- What you have to do:
In the listing that follows, print every line exactly and leave the images out.

- Collected data:
--*--

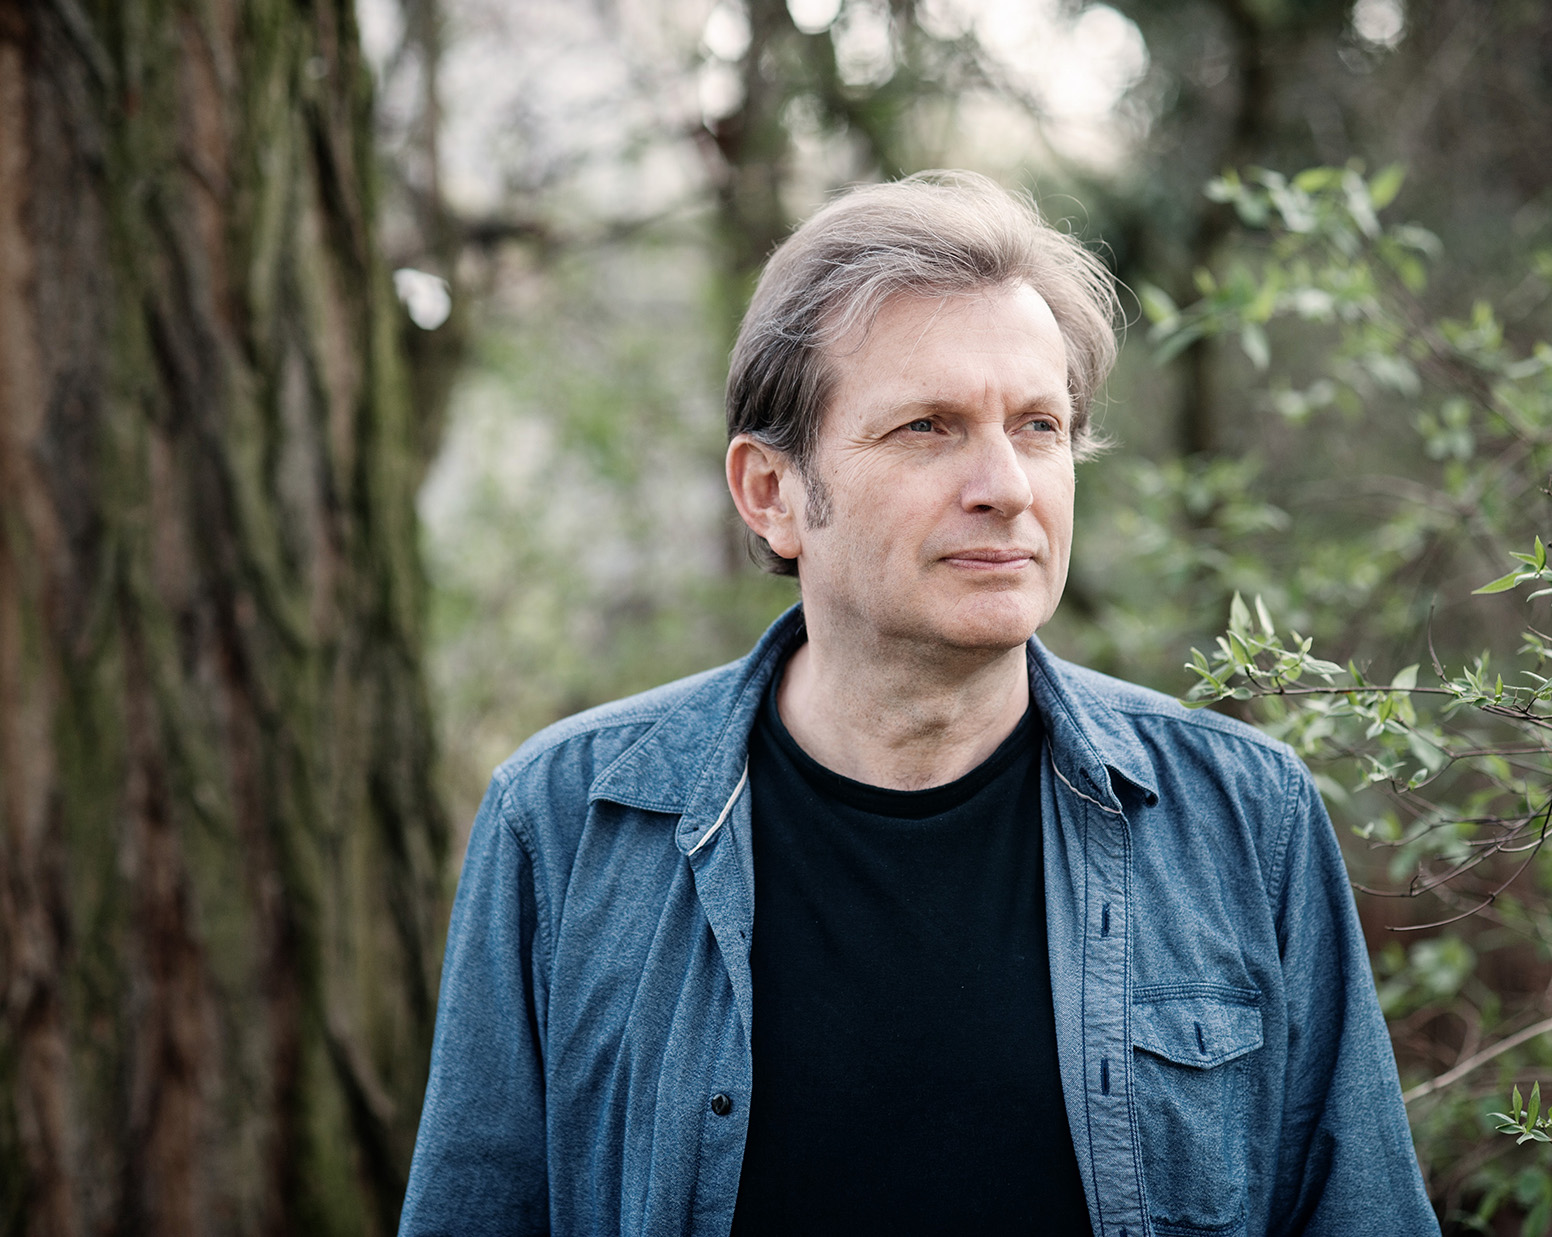 """Der Arzt Gerhard Trabert behandelt in Mainz obdachlose und arme Menschen. """"Ich habe die Vision, dass unser Arbeiten ein Zeichen ist, dass es etwas anderes gibt in unserer Gesellschaft, das gleichwürdiges, respektvolles Umgehen etwas zentrales sein muss."""""""
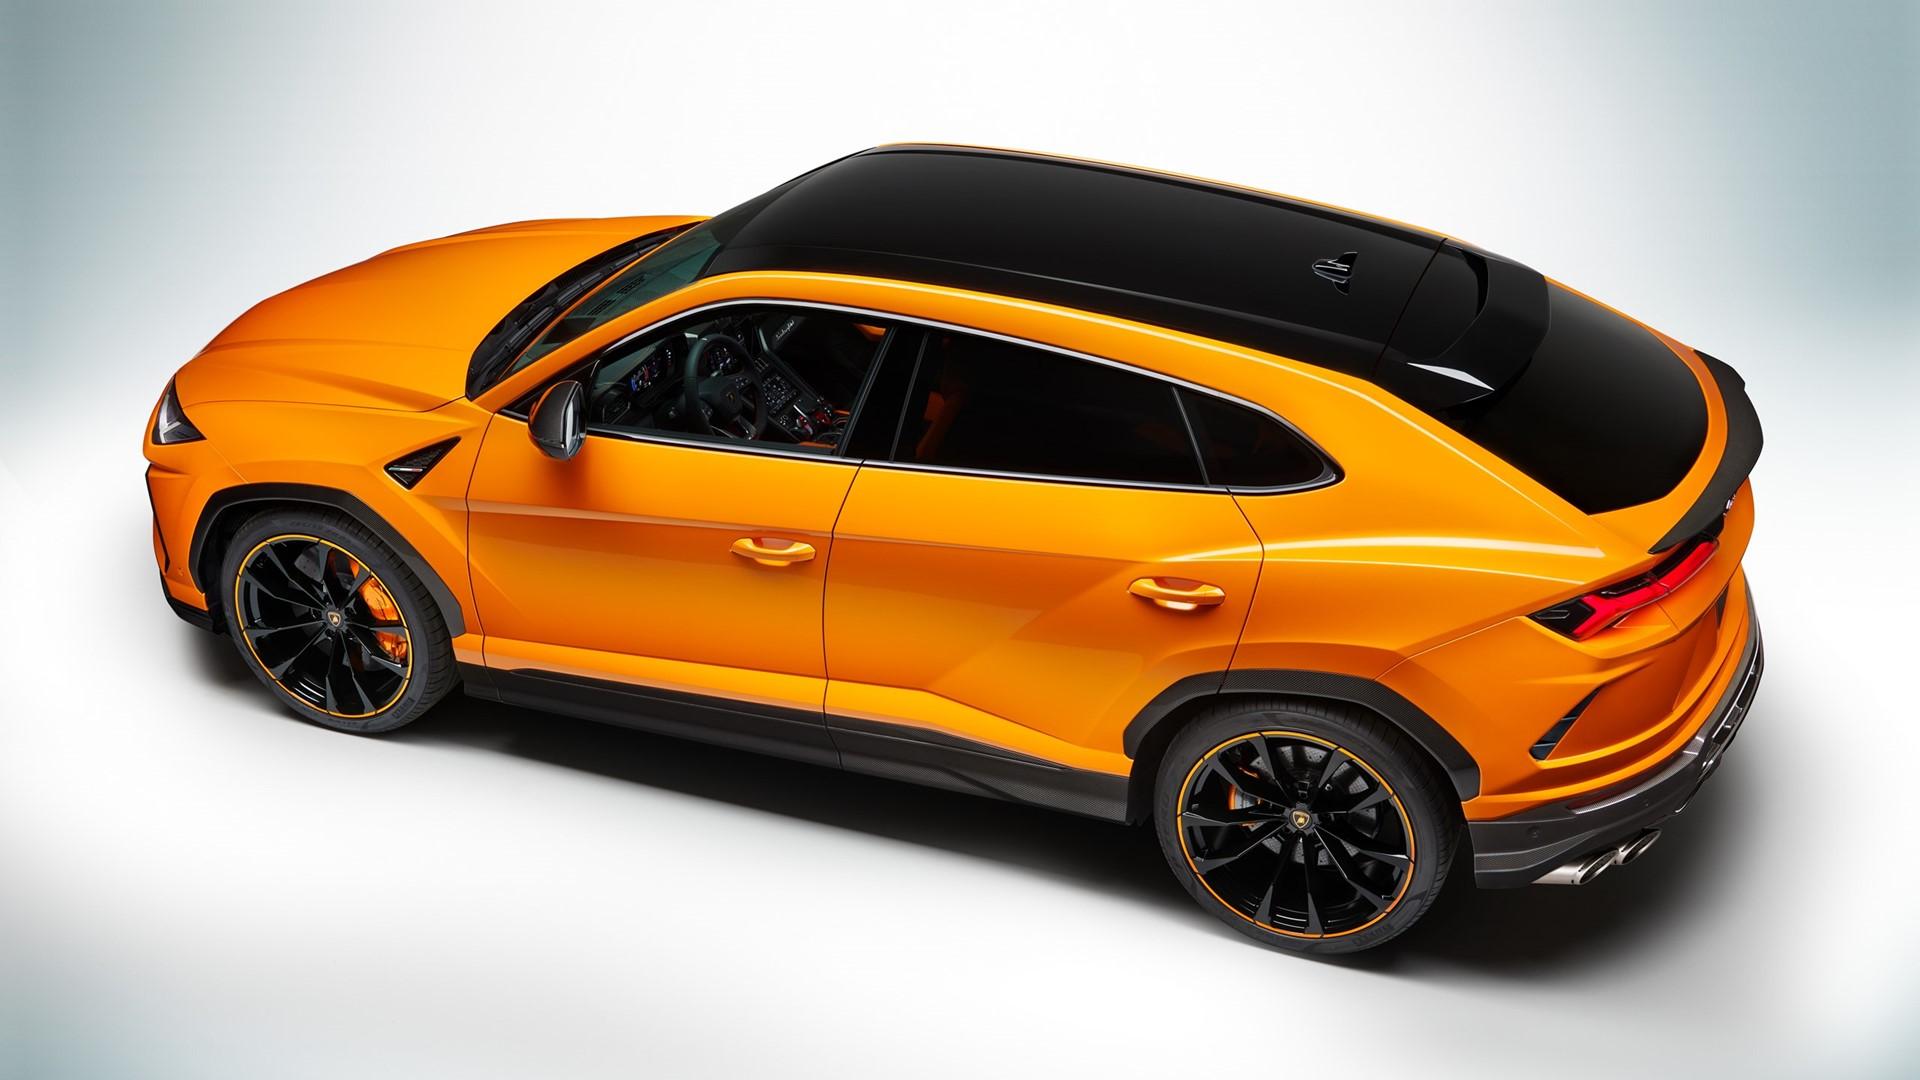 Automobili Lamborghini presents the Urus Pearl Capsule: unlocking new adventures in color for the Lamborghini Urus - Image 5
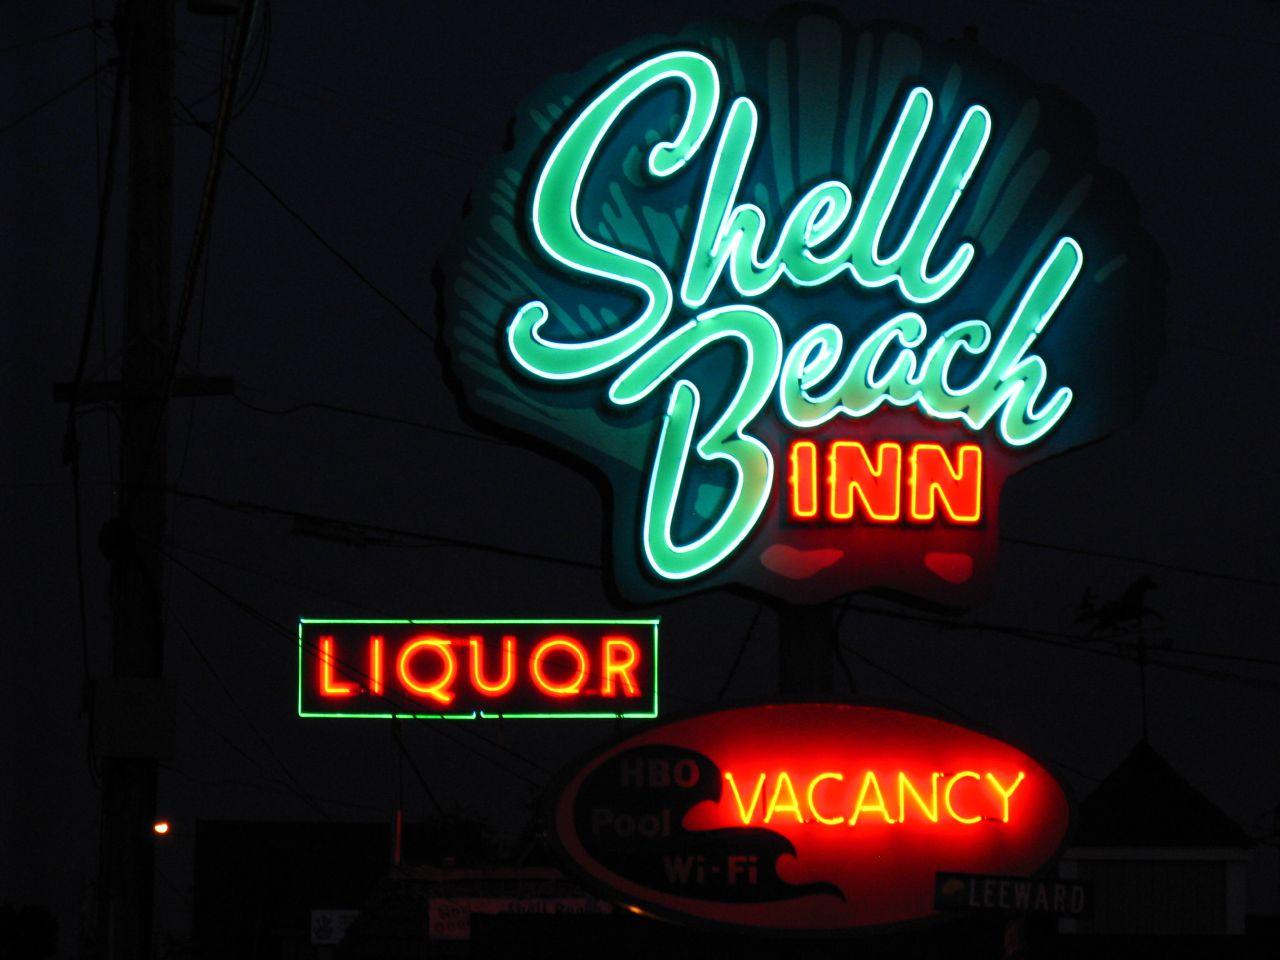 Shell Beach Inn - 653 Shell Beach Road, Pismo Beach, CA - December 1, 2009

--*--

- Solved exercise:
 """Der Arzt Gerhard Trabert behandelt in Mainz obdachlose und arme Menschen. """"Ich habe die Vision, dass unser Arbeiten ein Zeichen ist, dass es etwas anderes gibt in unserer Gesellschaft, das gleichwürdiges, respektvolles Umgehen etwas zentrales sein muss."""""""
 Automobili Lamborghini presents the Urus Pearl Capsule: unlocking new adventures in color for the Lamborghini Urus - Image 5
 Shell Beach Inn - 653 Shell Beach Road, Pismo Beach, CA - December 1, 2009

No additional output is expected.